She wanted prayers in my mother’s living room, a candle by the front window, family packed shoulder to shoulder, and somebody in the kitchen making too much noise because quiet made death feel even bigger.

So that was what we gave her.

At least, that was what we tried to give her.

Rebecca lay in the coffin near the front windows.

Her hair was pinned back too neatly.

Her hands were folded over one another in a way she never rested them in life.

And she was wearing a burgundy dress I had never seen before.

That dress bothered me from the moment I walked in.

My sister hated tight clothes.

She wore soft pants, white sneakers, and the same canvas bag she filled with snacks, receipts, spare keys, markers, and a tiny sewing kit.

But Omar told everyone the burgundy dress was her favorite.

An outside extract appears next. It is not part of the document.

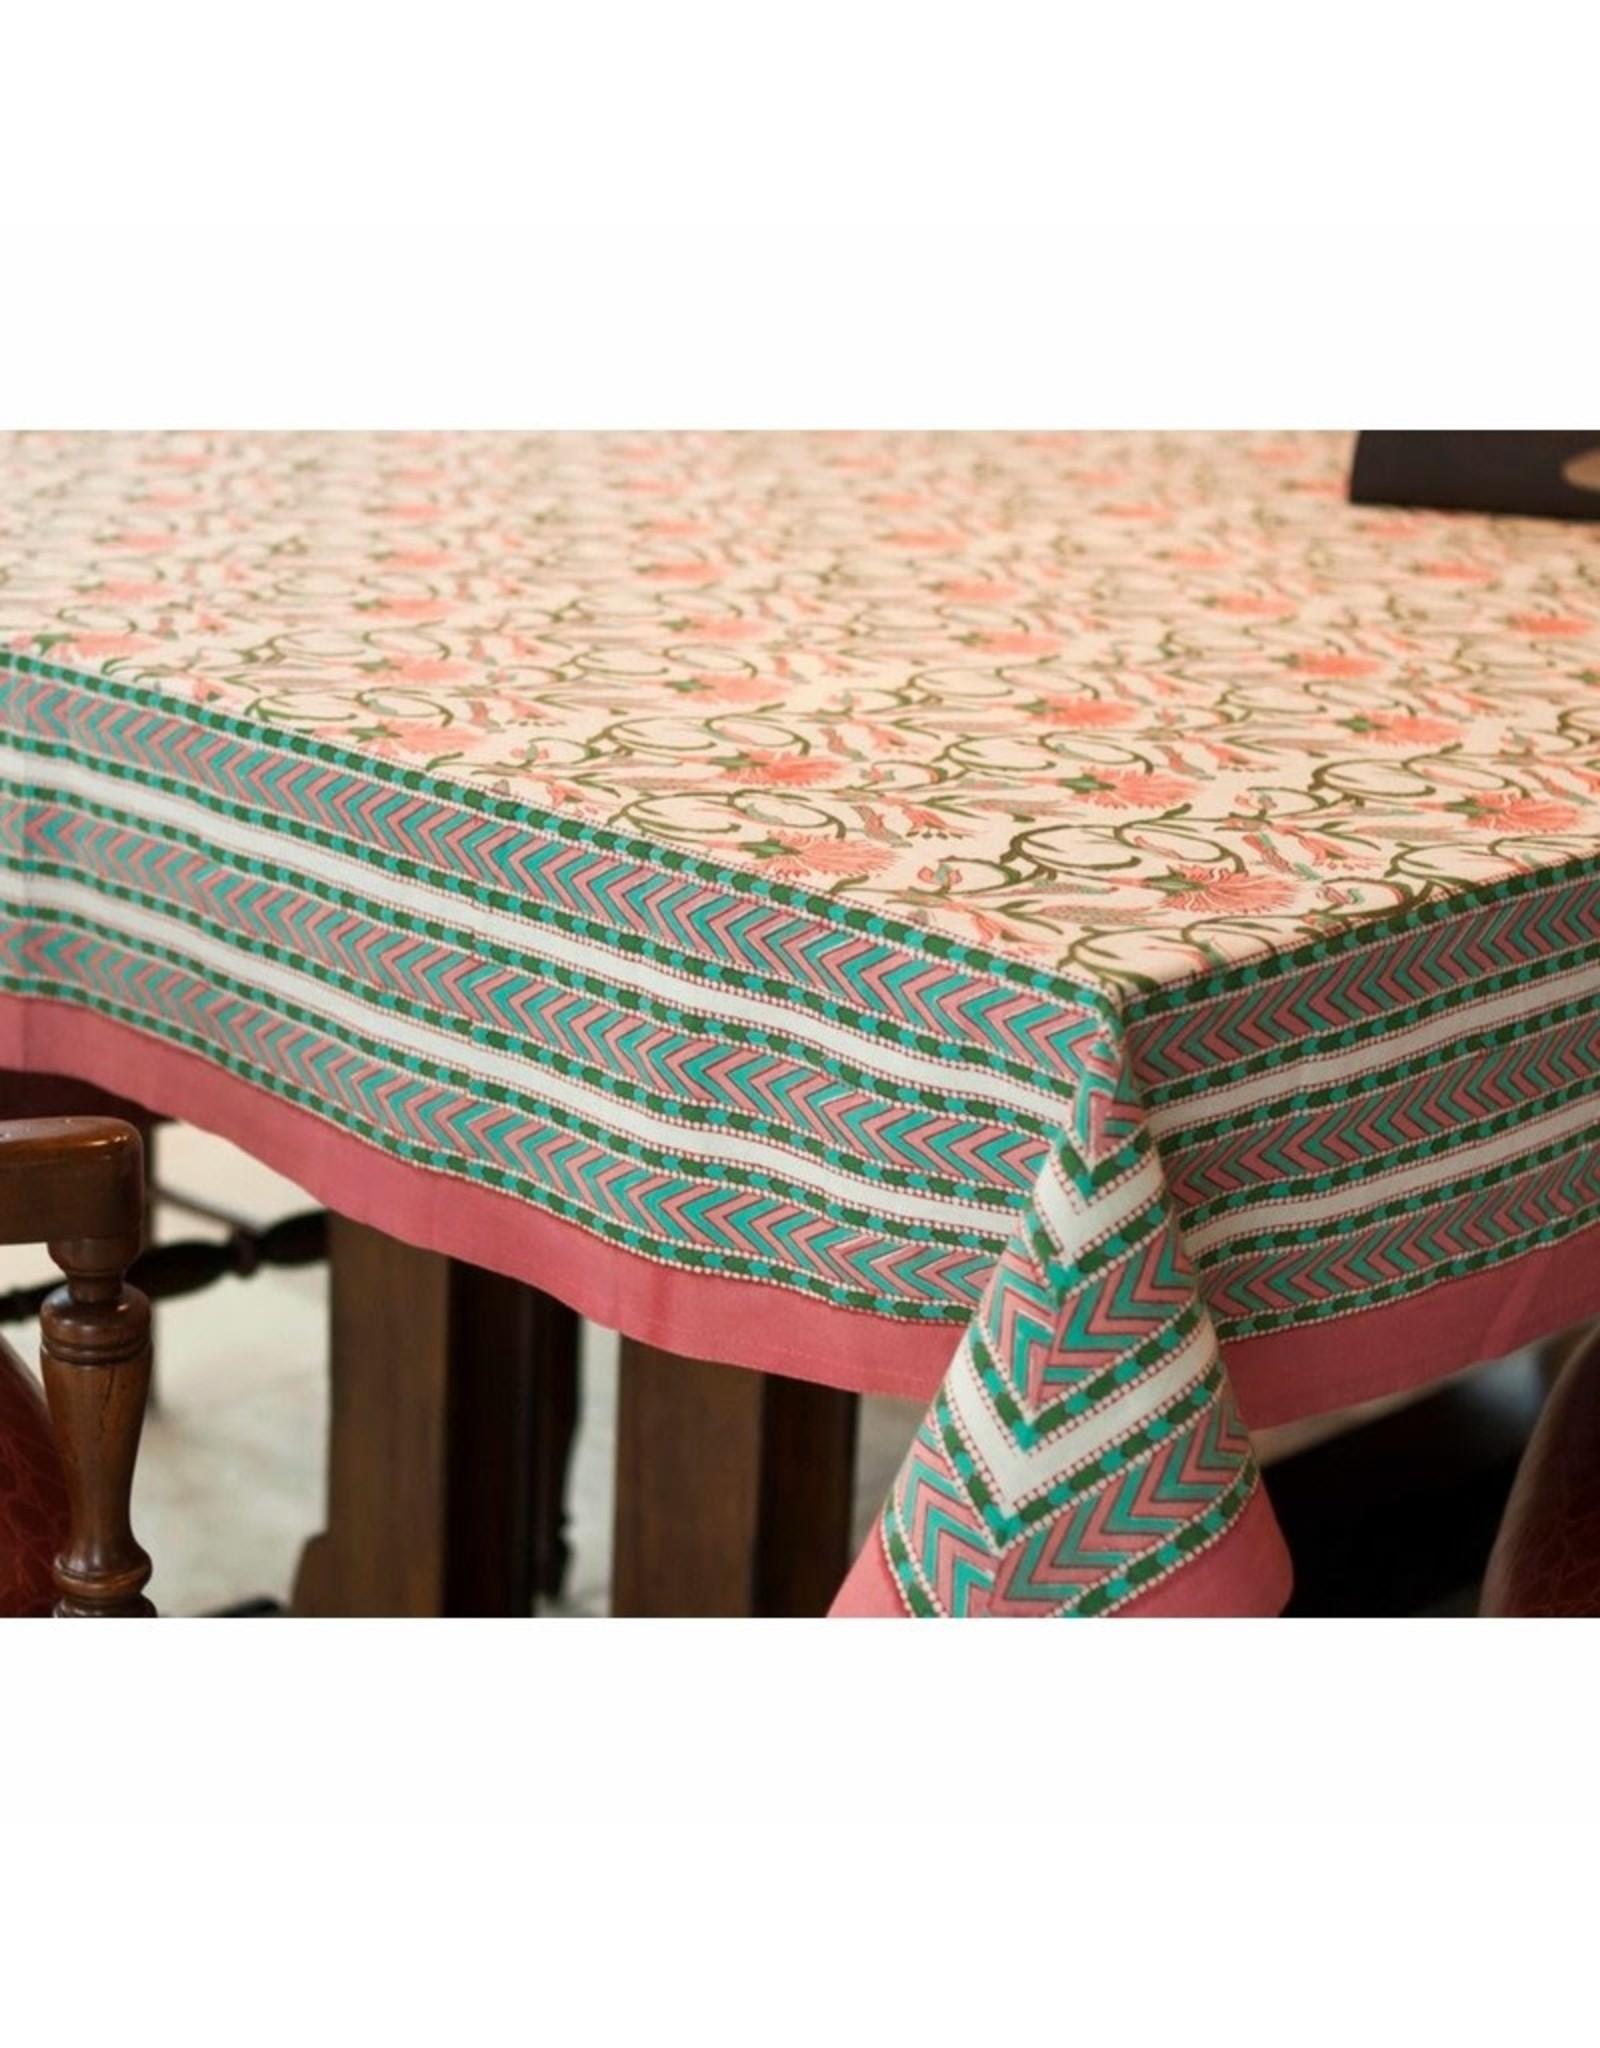 Fair Trade Winds Fantail Paradiso Tablecloth, India.

He said it with his hand on the side of his neck.

That was how I knew he was lying.

Omar had always been good at sounding reasonable in rooms full of people who did not want trouble.

He could lower his voice, soften his eyes, and make even a demand sound like concern.

But when he lied, his fingers found his throat.

They found it when he said Rebecca had fallen down the stairs.

They found it when he said the hospital had no questions.

They found it when he told my mother the burial needed to happen early because it would be easier on Emiliano.

And they found it again when he looked at the coffin and asked, “How soon can we close it?”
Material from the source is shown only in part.